2021 Epsom Derby
- Location: Epsom Downs Racecourse
- Date: 5 June 2021
- Winning horse: Adayar
- Starting price: 16/1
- Jockey: Adam Kirby
- Trainer: Charlie Appleby
- Owner: Godolphin
- Conditions: Good to Soft

= 2021 Epsom Derby =

242nd running of the Epsom Derby horse race

Also Ran

The 2021 Epsom Derby was the 242nd annual running of the Derby horse race and took place at Epsom Downs Racecourse on 5 June 2021. The race was sponsored for the first time by the online car-dealer Cazoo.

The winner was Godolphin's bay colt Adayar, ridden by Adam Kirby and trained at Newmarket by Charlie Appleby.
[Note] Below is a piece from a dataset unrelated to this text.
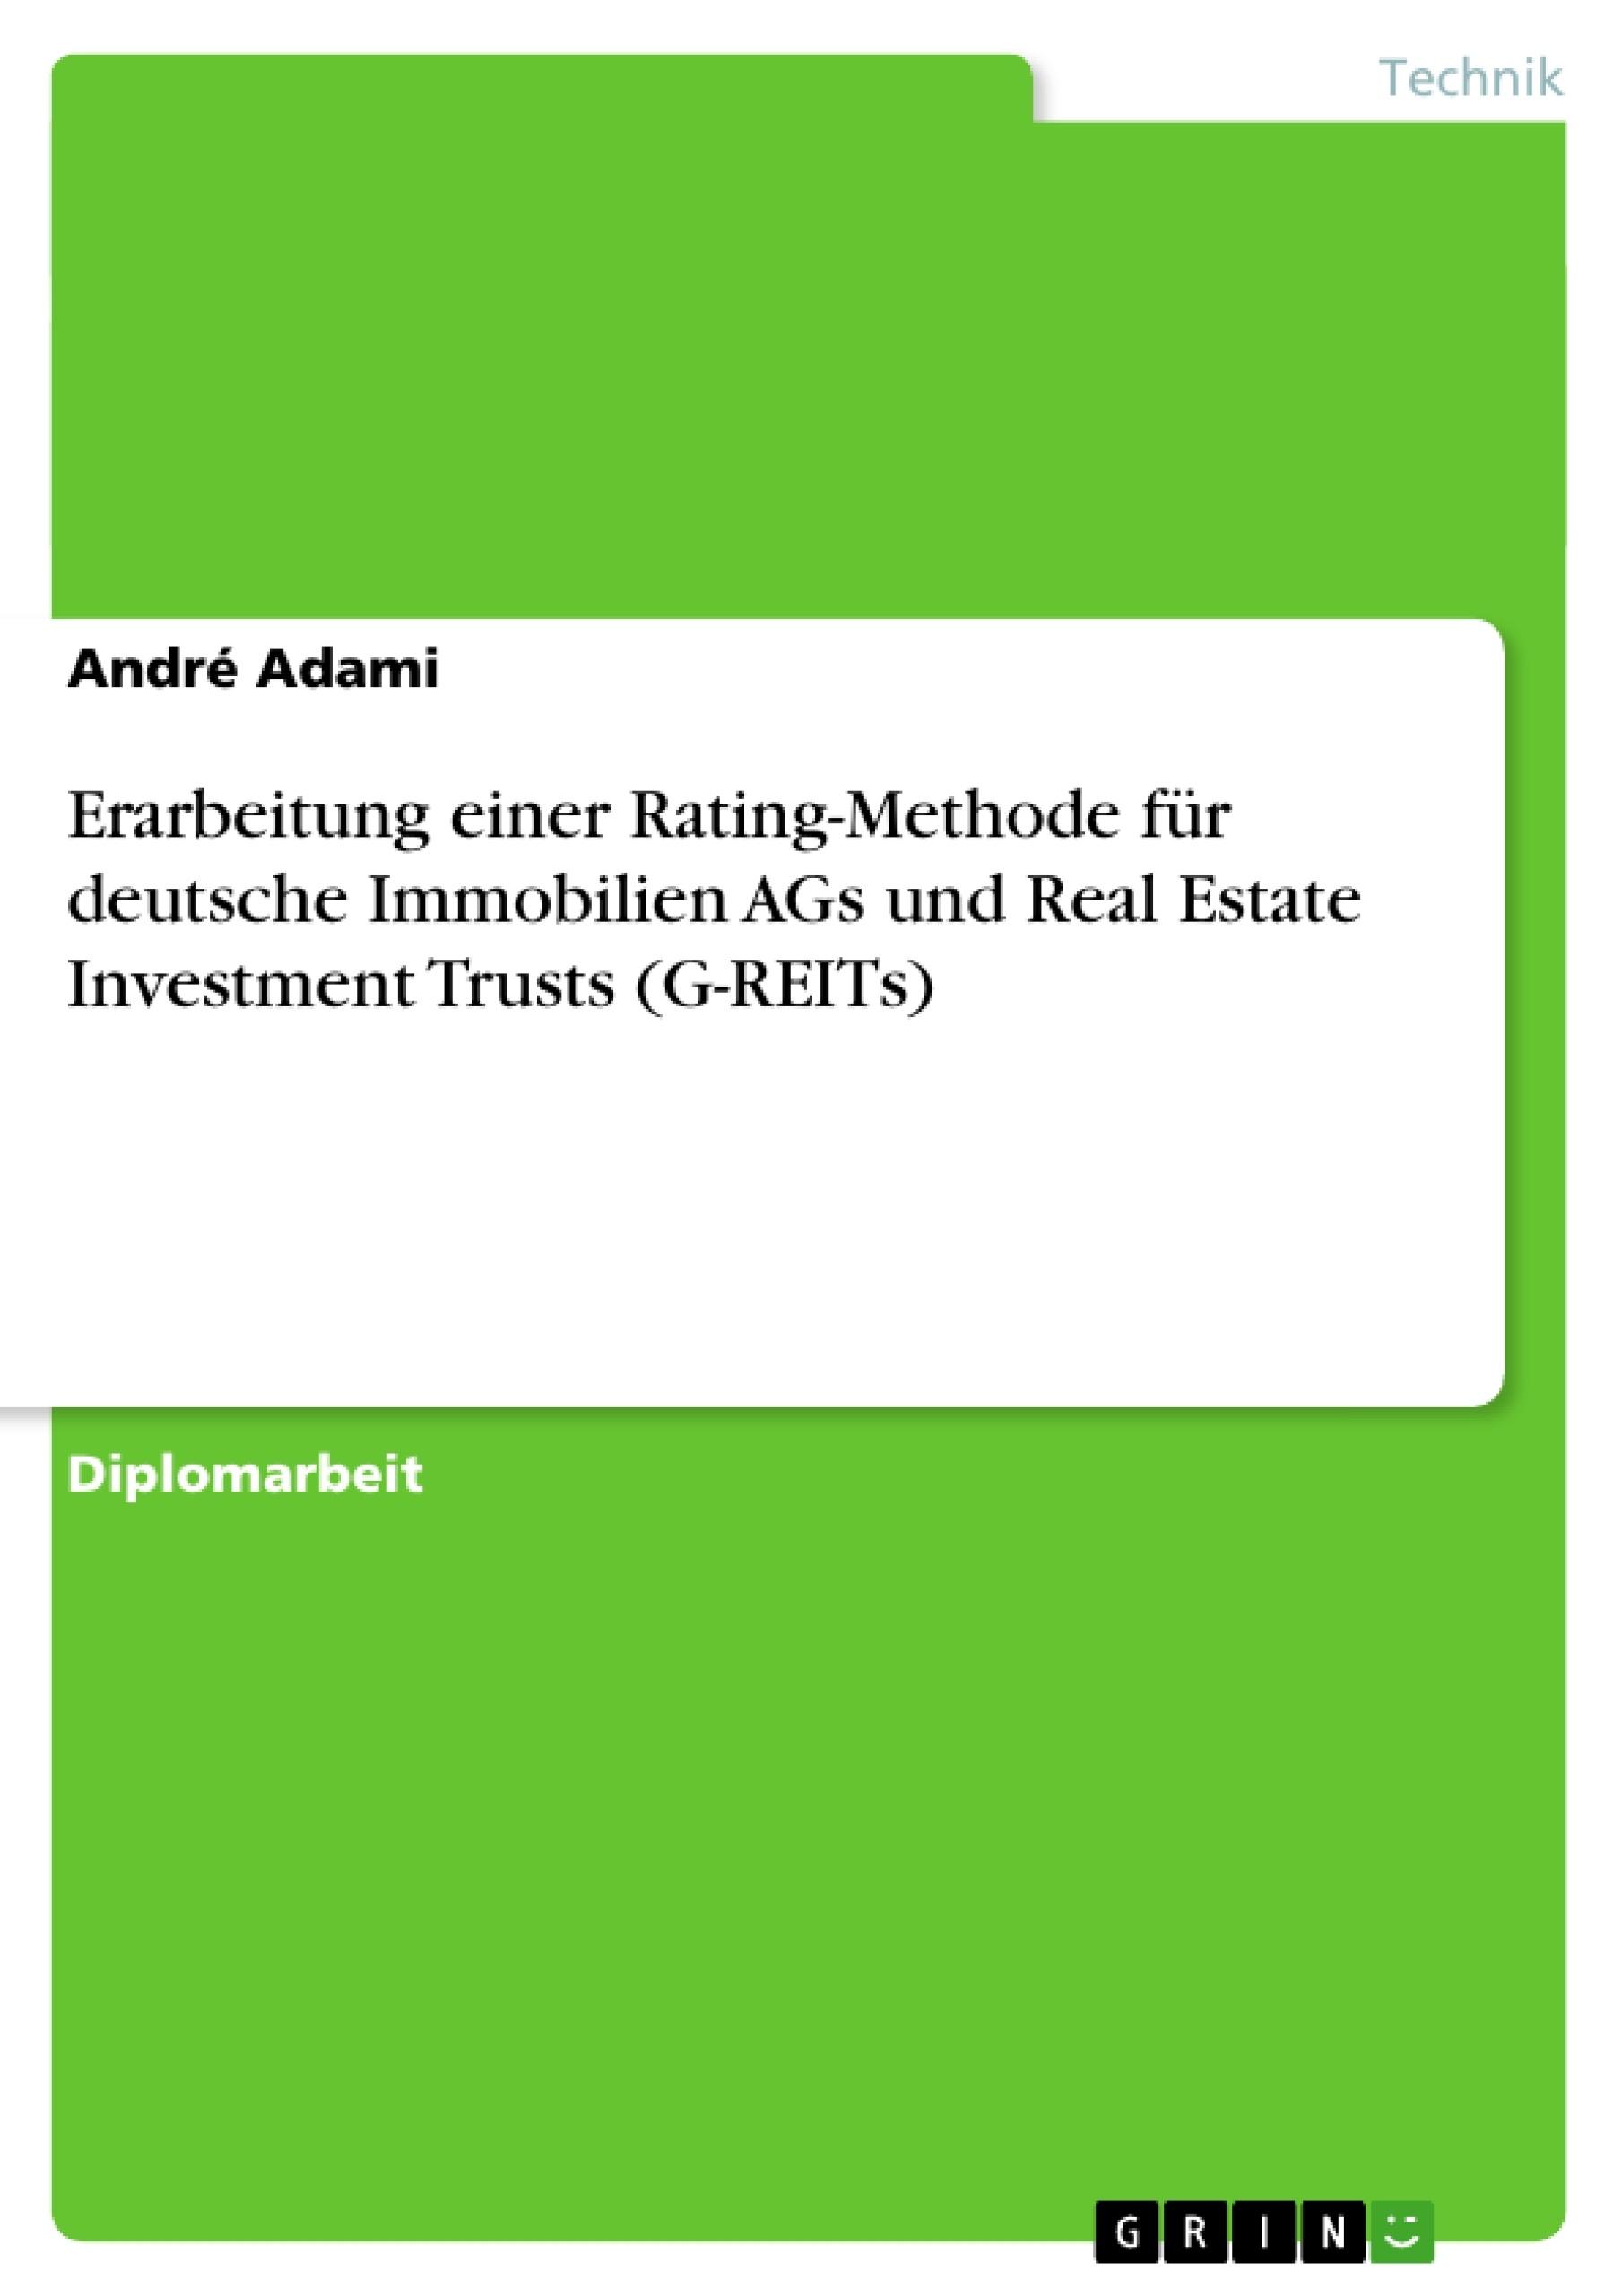 Titel: Erarbeitung einer Rating-Methode für deutsche Immobilien AGs und Real Estate Investment Trusts (G-REITs)

Godolphin and Appleby were winning the race for the second time, having taken the prize with Masar in 2018.

==Build-up==
Attendance was limited to 4,000 owing to government restrictions in response to the COVID-19 pandemic. The race took place after a period of hot, dry weather and the course officials resorted to watering the course to avoid unsuitably firm ground.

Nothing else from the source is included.